Monday, 14 January 2008

In a Stew

This week so far (she says!) has been one of those "look in the kitchen and see" times, as far as meal planning goes. On Sunday, I used the Swiss chard that came in last week's vegetable box to make a risotto, adding the chopped stems early on and the shredded leaves towards the end of cooking. Risotti are a great way of making a hearty meat-free meal, especially good for us as we often get just a small amount of a reasonably unusual vegetable in the weekly box. Not enough to be a side dish, but just enough to play the lead in a risotto or pasta sauce. Last week I made a variation on my Broccoli and Blue Cheese Pasta, using a titchy head of Romanesco, or Fractal broccoli (a name I adore), for the boys' and my lunch.
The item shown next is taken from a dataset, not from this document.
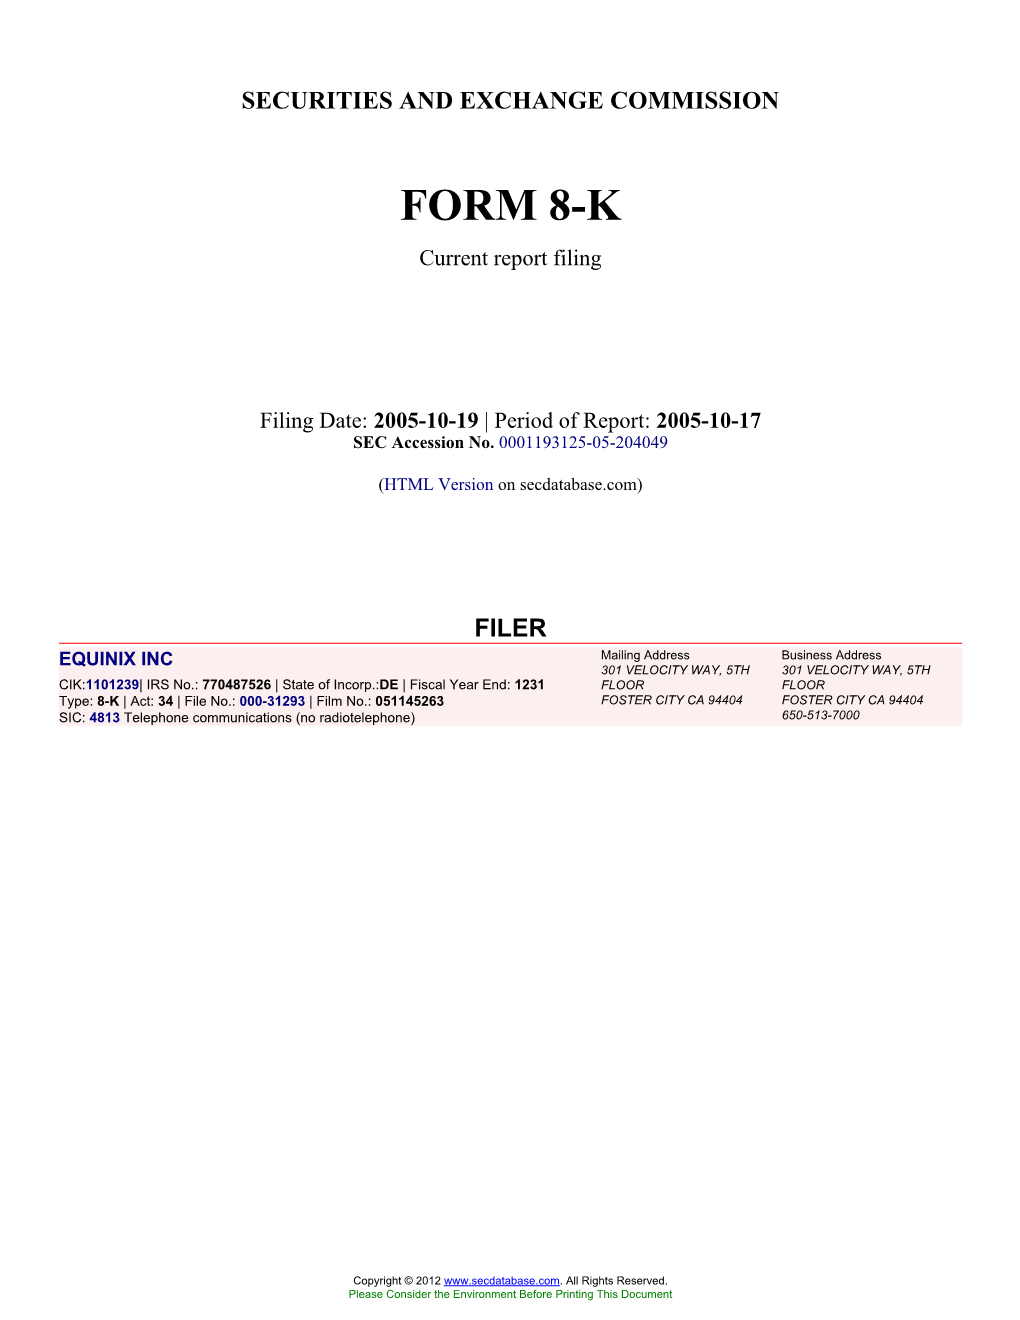 EQUINIX INC (Form: 8-K, Filing Date: 10/19/2005)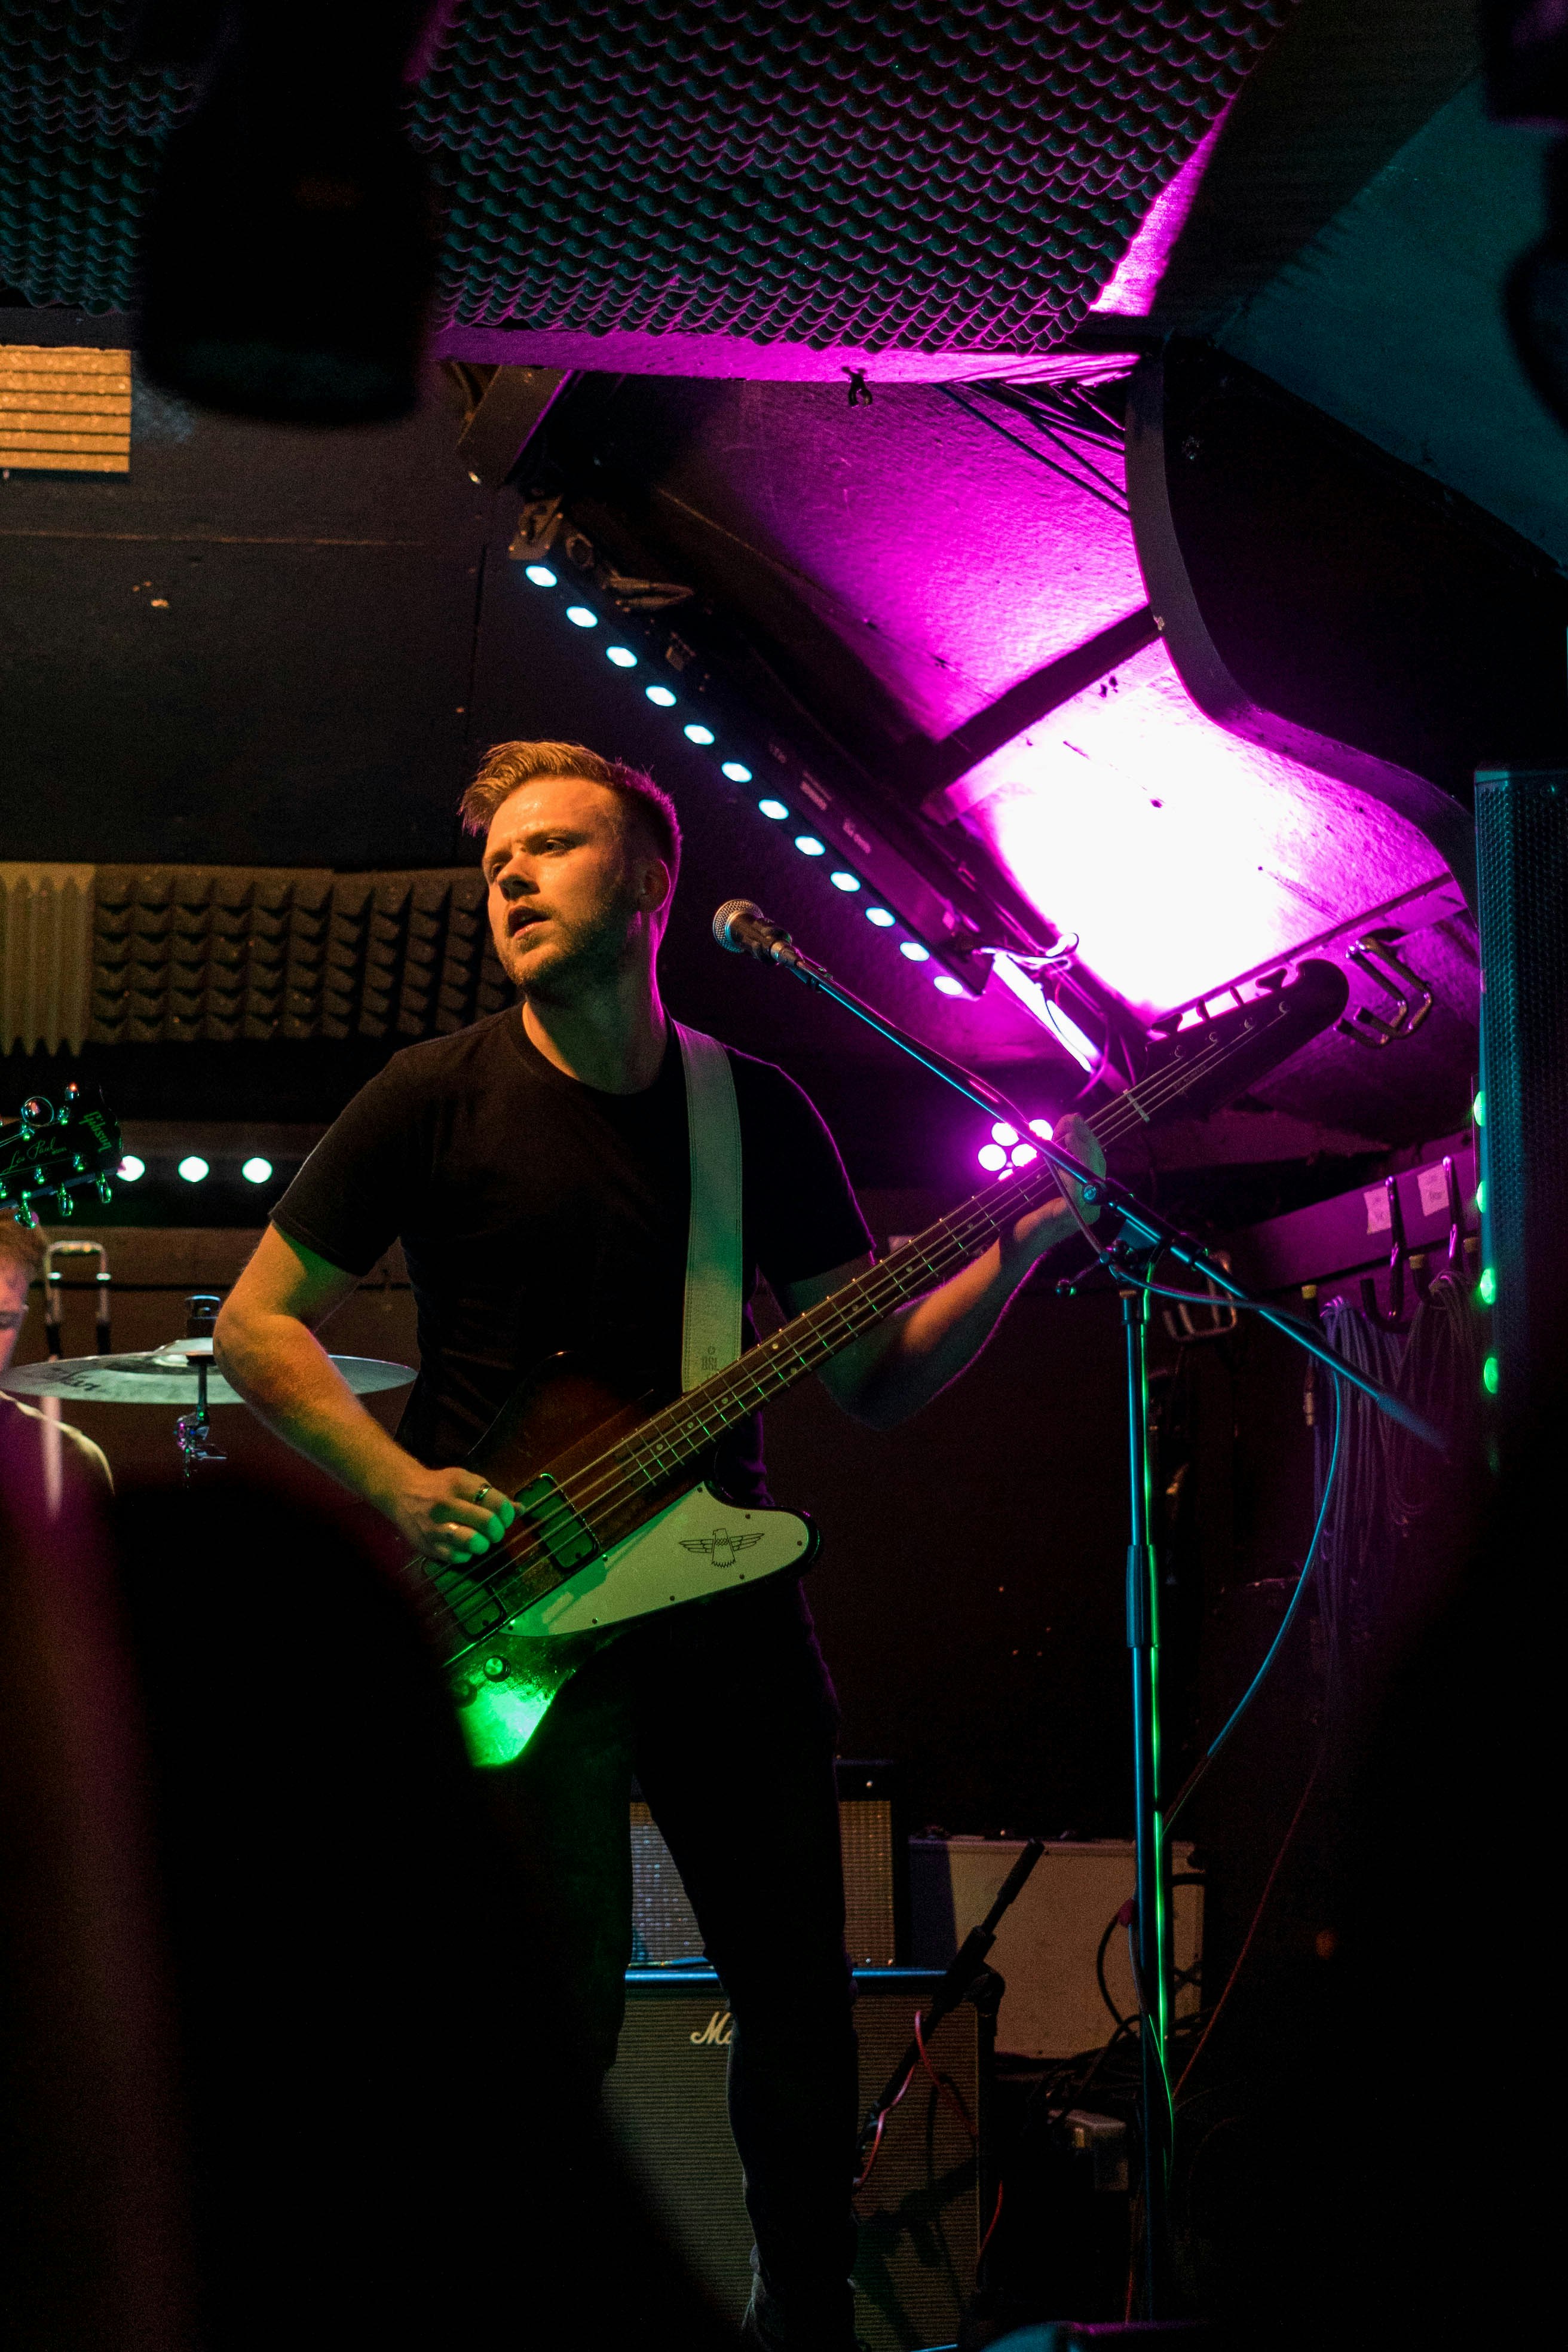 man in black t-shirt playing electric guitar

Today, with Chris at school, James and I were in town visiting a friend, so before we went out I got a stew together in the slow cooker. There was a lovely 450g piece of braising steak still in the freezer from my trip to the farmers' market in Aberystwyth so I defrosted that last night.

Beef Stew with Bacon, Red Wine and Rosemary

450g braising steak
2 onions

200g bacon
leaves from a large sprig of rosemary
red wine, 600ml or so

6-8 mushrooms (optional)

Peel, halve and slice the onions. Put them in the bottom of the slow cooker. Chop the bacon, slice the beef and add to the pot. Scatter over the finely chopped rosemary and add seasoning. Bring the wine to the boil on the hob and pour it over the ingredients, then put on the lid and slow-cook. I put it on MEDIUM just before lunch, then we had dinner at six. Slice and add the mushrooms an hour or so before you want to eat (or leave them out entirely if it's easier, timewise).

I made some mash with half potatoes, half parsnips and steamed the rest of the winter greens. To be honest, the stew would be fab with some thick slices of bread, but my Hub is a bit of a meat and two veg man, and especially likes a trad plate of stew, mash and greens.